Mammalian myosin VI was identified in a pig kidney proximal tubule cell line, where it localizes to the actin- and membrane-rich apical brush border of these polarized epithelial cells (9). One year later in 1995, a mutation in mouse myosin VI was implicated through positional cloning as the cause of Snell’s waltzer ( sv) phenotype (35), which arose spontaneously in 1960 and is characterized by circling behavior, head tossing, deafness, and hyperactivity observable by 12 days of age (48). The sv mutation is a 1.1 kilobase intragenic deletion within the Myo6 locus that results in a 130 bp deletion from the Myo6 mRNA. The deletion results in a frameshift that introduces a stop codon into the lever arm region of the protein. Although the appearance of hair cells and their stereocilia is relatively normal at birth in homozygous Myo6sv/sv mice, the stereocilia undergo progressive disorganization and a raising of the hair cell apical plasma membrane between stereocilia such that by three days of age all hair cells show fused stereocilia and by 20 days giant stereocilia are observed on top of hair cells (49). The formation of stereocilial branches is also observed at one day of age (50). By 6 weeks, there is a complete degeneration of both inner and outer hair cells within the Organ of Corti (35). A very similar phenotype was observed in zebrafish with a mutation of Myo6b, the myosin VI isoform expressed in the sensory epithelium of the ear and lateral line (51). Based on these phenotypes and the observed localization of myosin VI to the cuticular plate at the base of stereocilia, it has been hypothesized that myosin VI plays a structural role in anchoring the plasma membrane between individual stereocilia to the actin filaments that form their core (Figure 4B) (36;49;51). In the absence of myosin VI, the unanchored membrane may rise up between stereocilia, resulting in fusion beginning at the base and continuing up to the tips of stereocilia.

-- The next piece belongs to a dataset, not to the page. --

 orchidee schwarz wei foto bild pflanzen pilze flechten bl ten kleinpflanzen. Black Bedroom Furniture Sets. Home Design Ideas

Mutations in MYO6 are associated with hearing loss in humans. In contrast to the recessive inheritance pattern of Myo6 phenotypes in mice, in humans MYO6 mutations have been linked with both dominant (OMIM #606346) (52) and recessive non-syndromic hearing loss (OMIM #607821) (53), as well as with dominant syndromic hearing loss that includes hypertrophic cardiomyopathy (54). A dominantly inherited atrial septal defect has also been shown to be caused by a missense mutation in myosin VI (55). Overexpression of myosin VI has been observed in human prostate cancer specimens (56), and contributes to enhanced prostate-specific antigen (PSA) and vascular endothelial growth factor (VEGF) secretion by a prostate cancer cell line (LNCaP) (57).

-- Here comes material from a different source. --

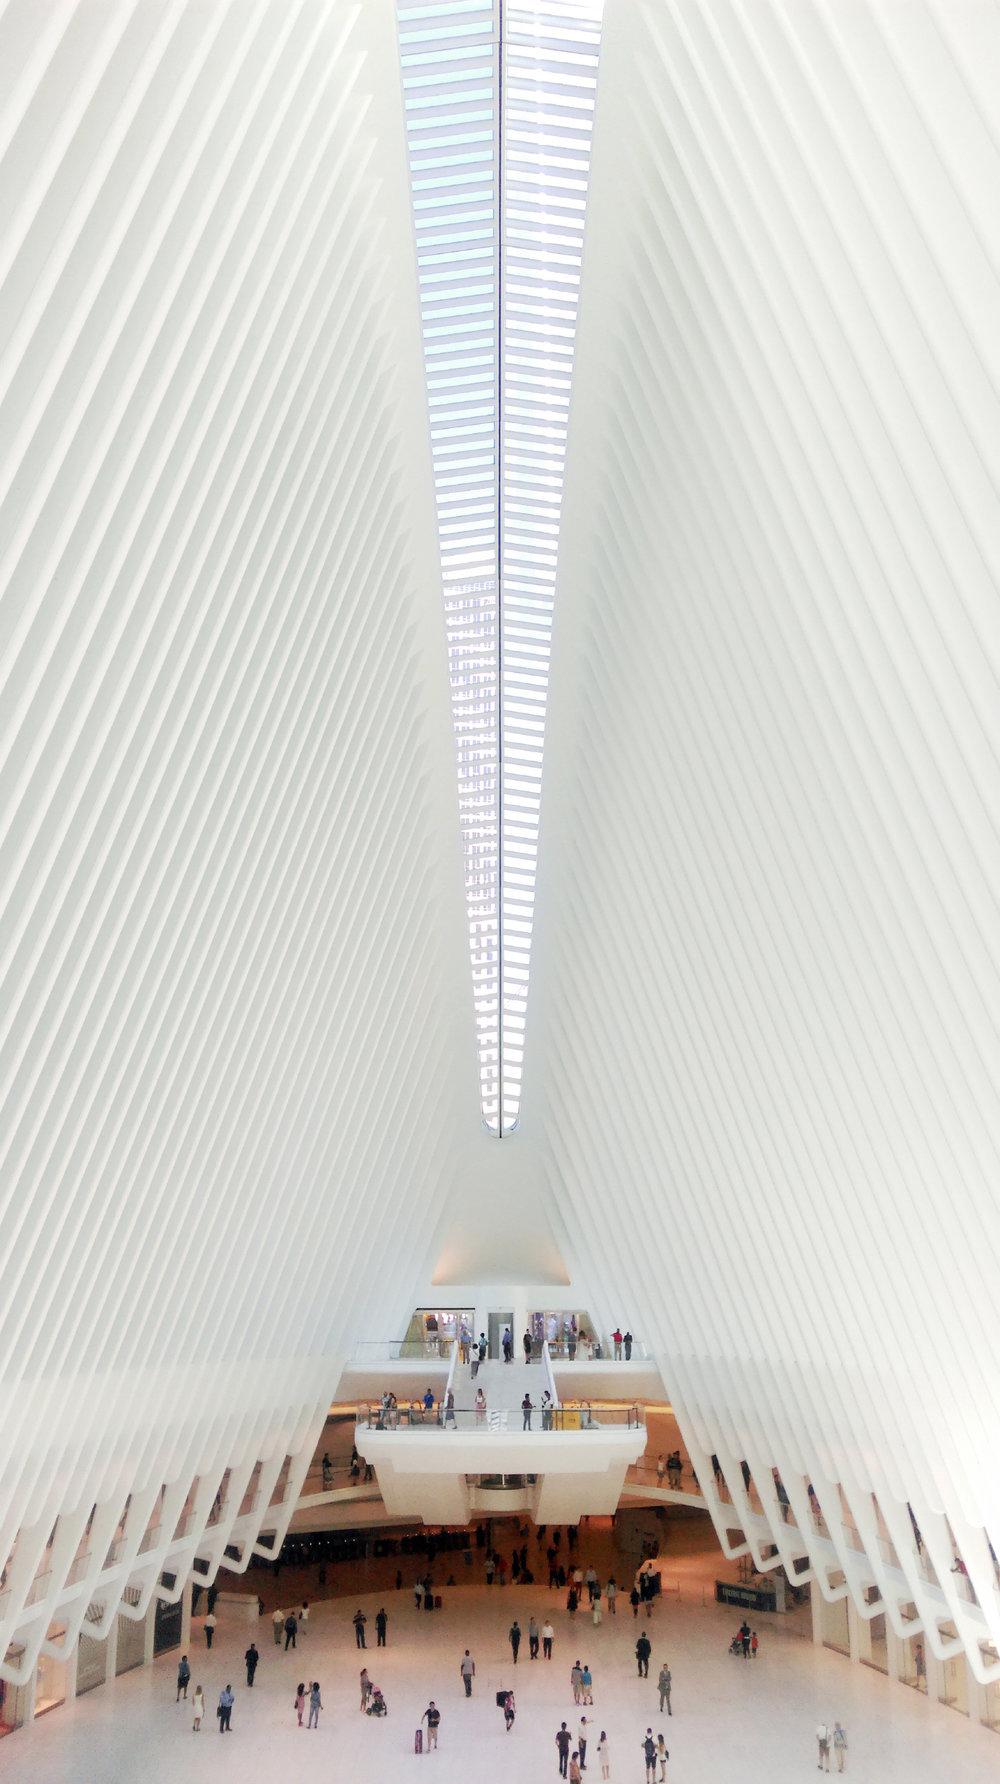 World Trade Center Memorial Oculus

Myosin VI is involved in membrane trafficking, both exocytosis and endocytosis [reviewed in (58)]. Myosin VI is present in vesicles at the Golgi complex, and fibroblasts derived from Myo6sv/sv mice display a 40% reduction in the size of the Golgi network as well as a 40% reduction in protein secretion from the trans Golgi network to the plasma membrane (33;59). These defects are rescued by expression of full length myosin VI. In polarized MDCK cells, the myosin VI isoform lacking the tail domain insert is required for sorting and transport to the basolateral membrane of newly synthesized proteins containing a tyrosine-based sorting motif via the AP-1B complex (60). Myosin VI is recruited to the Golgi complex by optineurin (61) and the small G-protein Rab8; these proteins may form a transport complex for proteins destined for the basolateral membrane in polarized epithelial cells (Figure 4C) (60). However, since actin is generally oriented with minus ends pointing into the cell, it remains unclear how a minus end-directed motor would mediate this type of transport.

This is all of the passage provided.